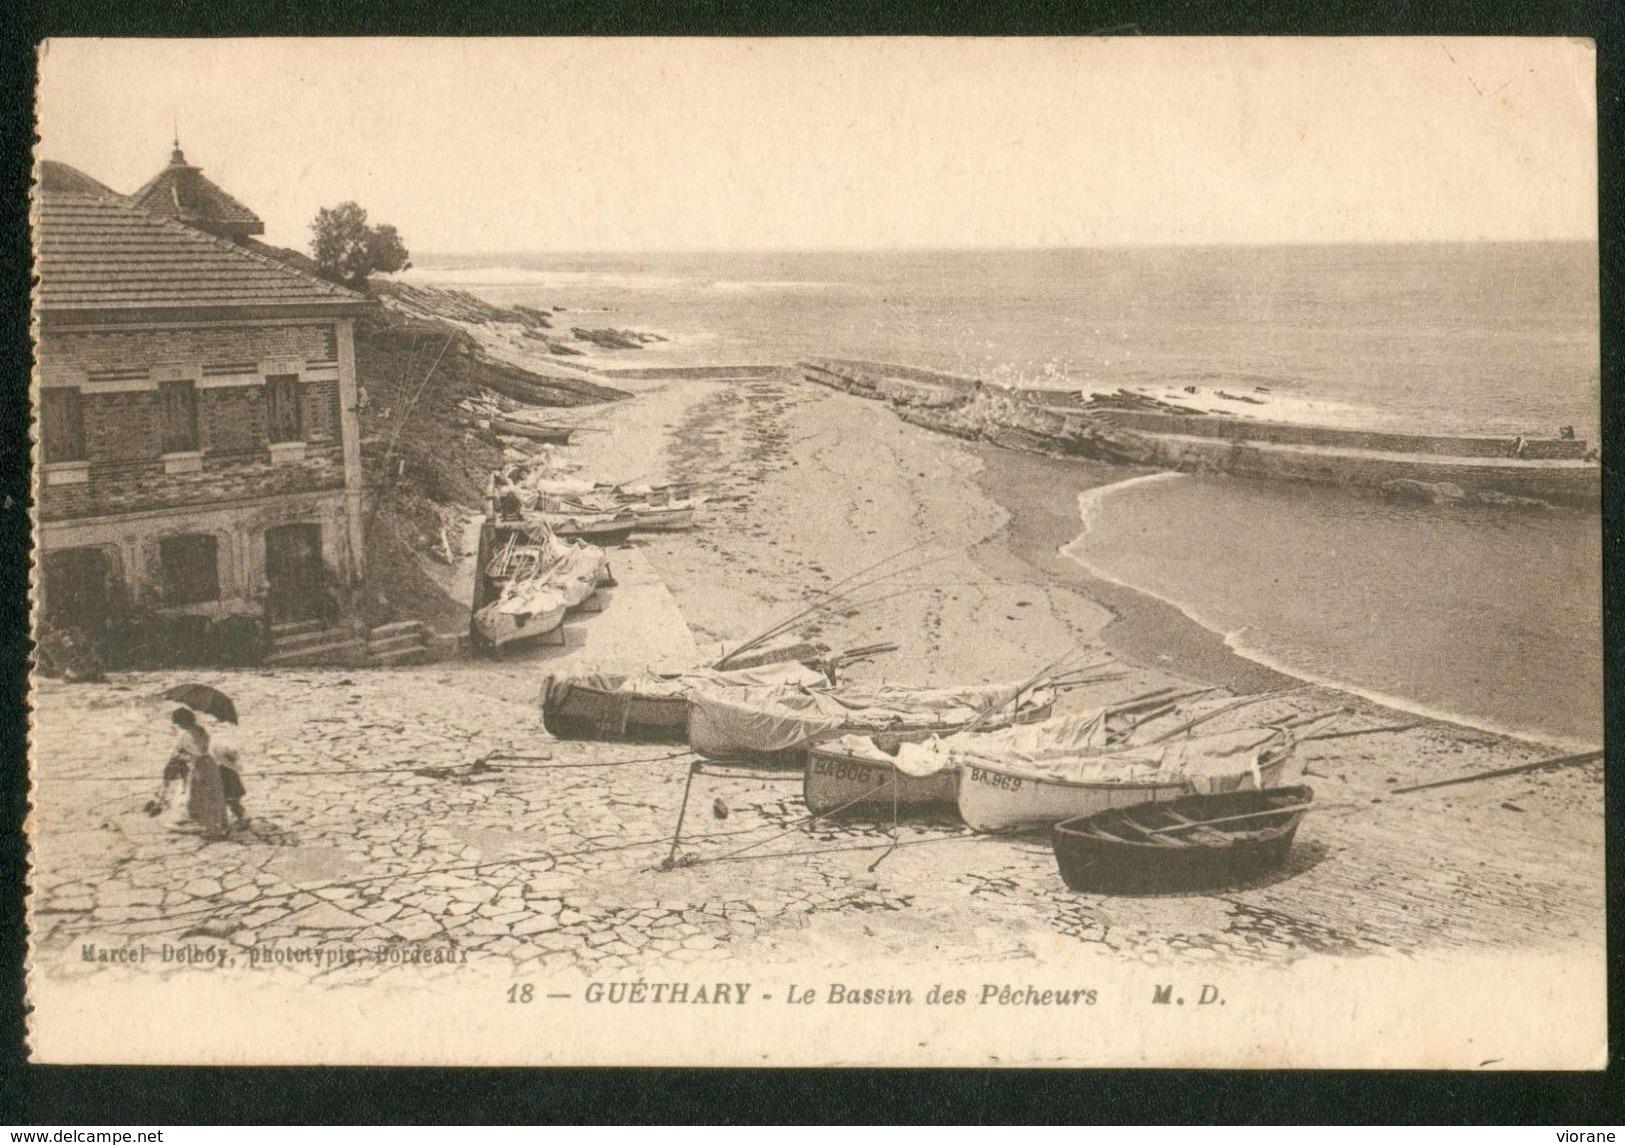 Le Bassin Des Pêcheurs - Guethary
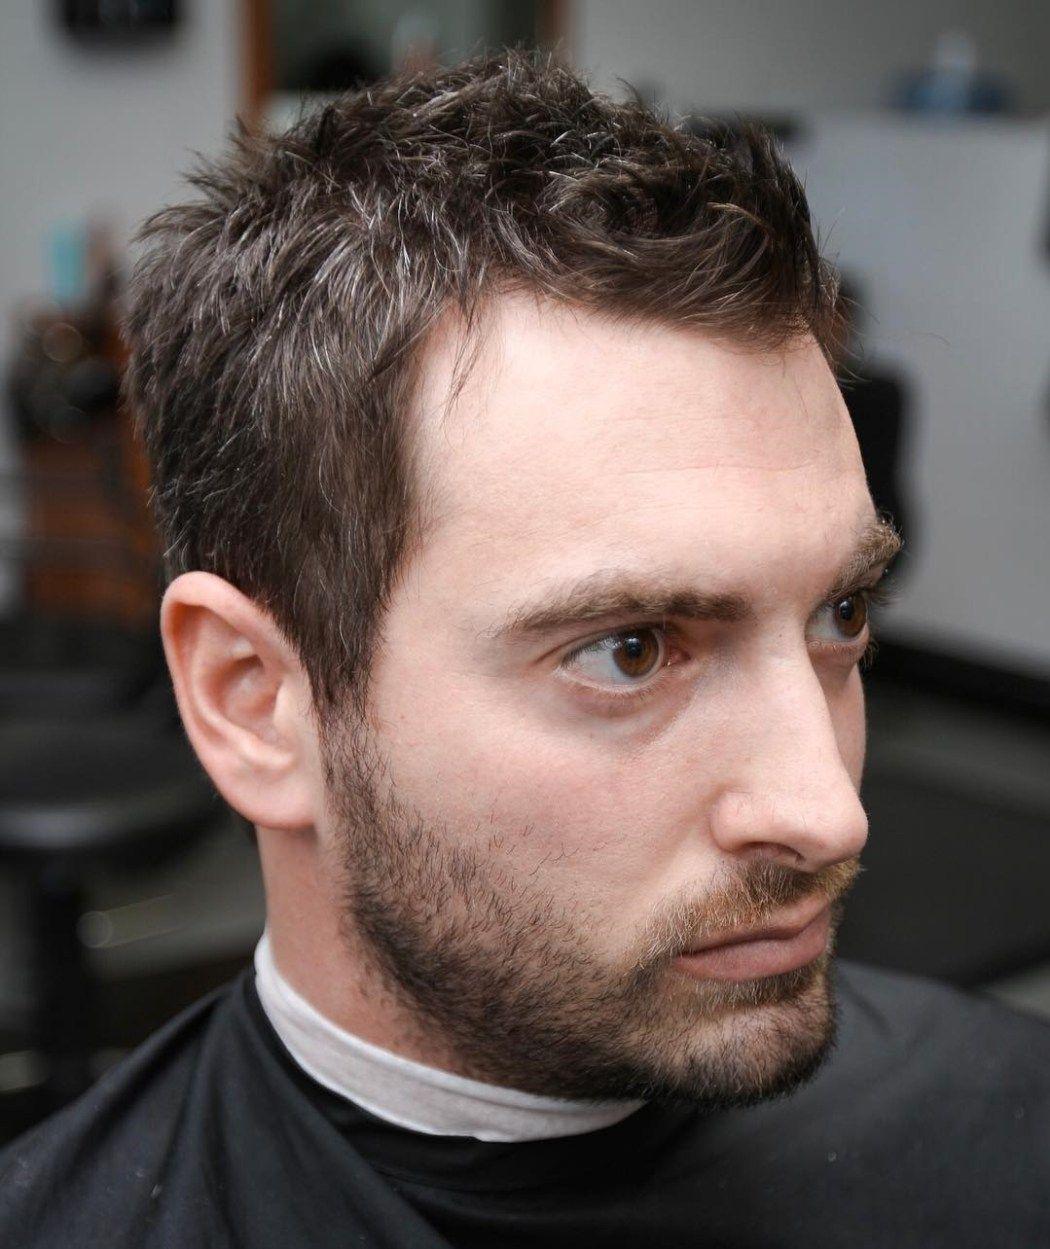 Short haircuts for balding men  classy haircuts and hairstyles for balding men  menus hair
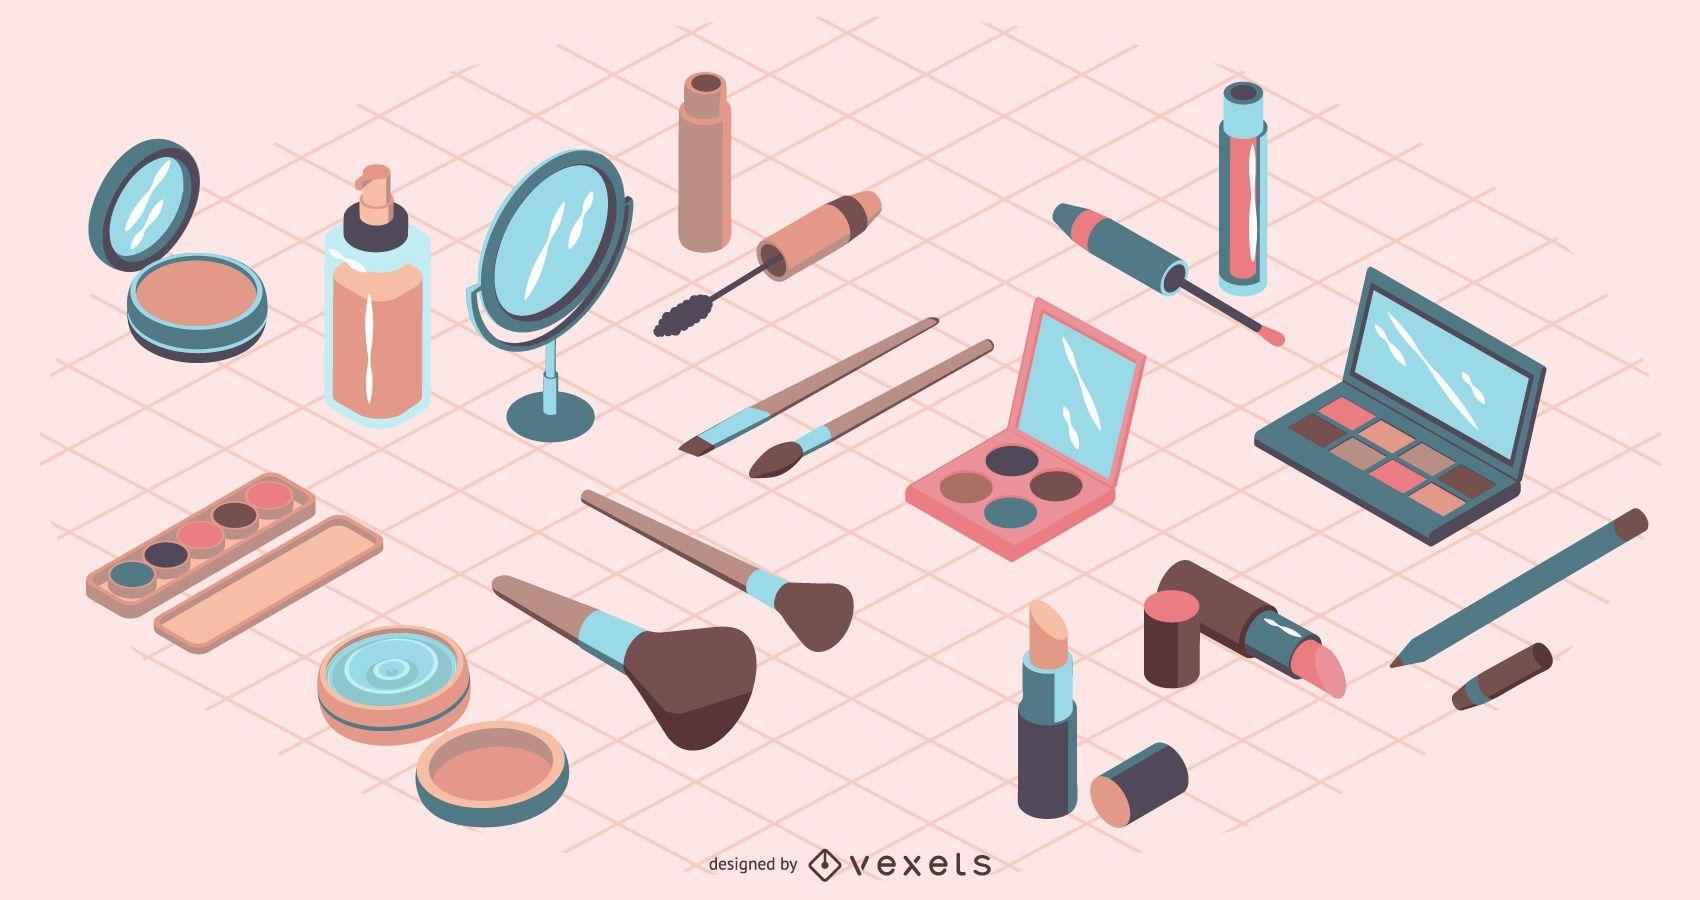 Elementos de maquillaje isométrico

──────

> **Directions for this task**
Reproduce the whole listing verbatim and keep all pictures out of it.

> **Answer to this problem**
 Le Bassin Des Pêcheurs - Guethary
 Short haircuts for balding men  classy haircuts and hairstyles for balding men  menus hair
 Elementos de maquillaje isométrico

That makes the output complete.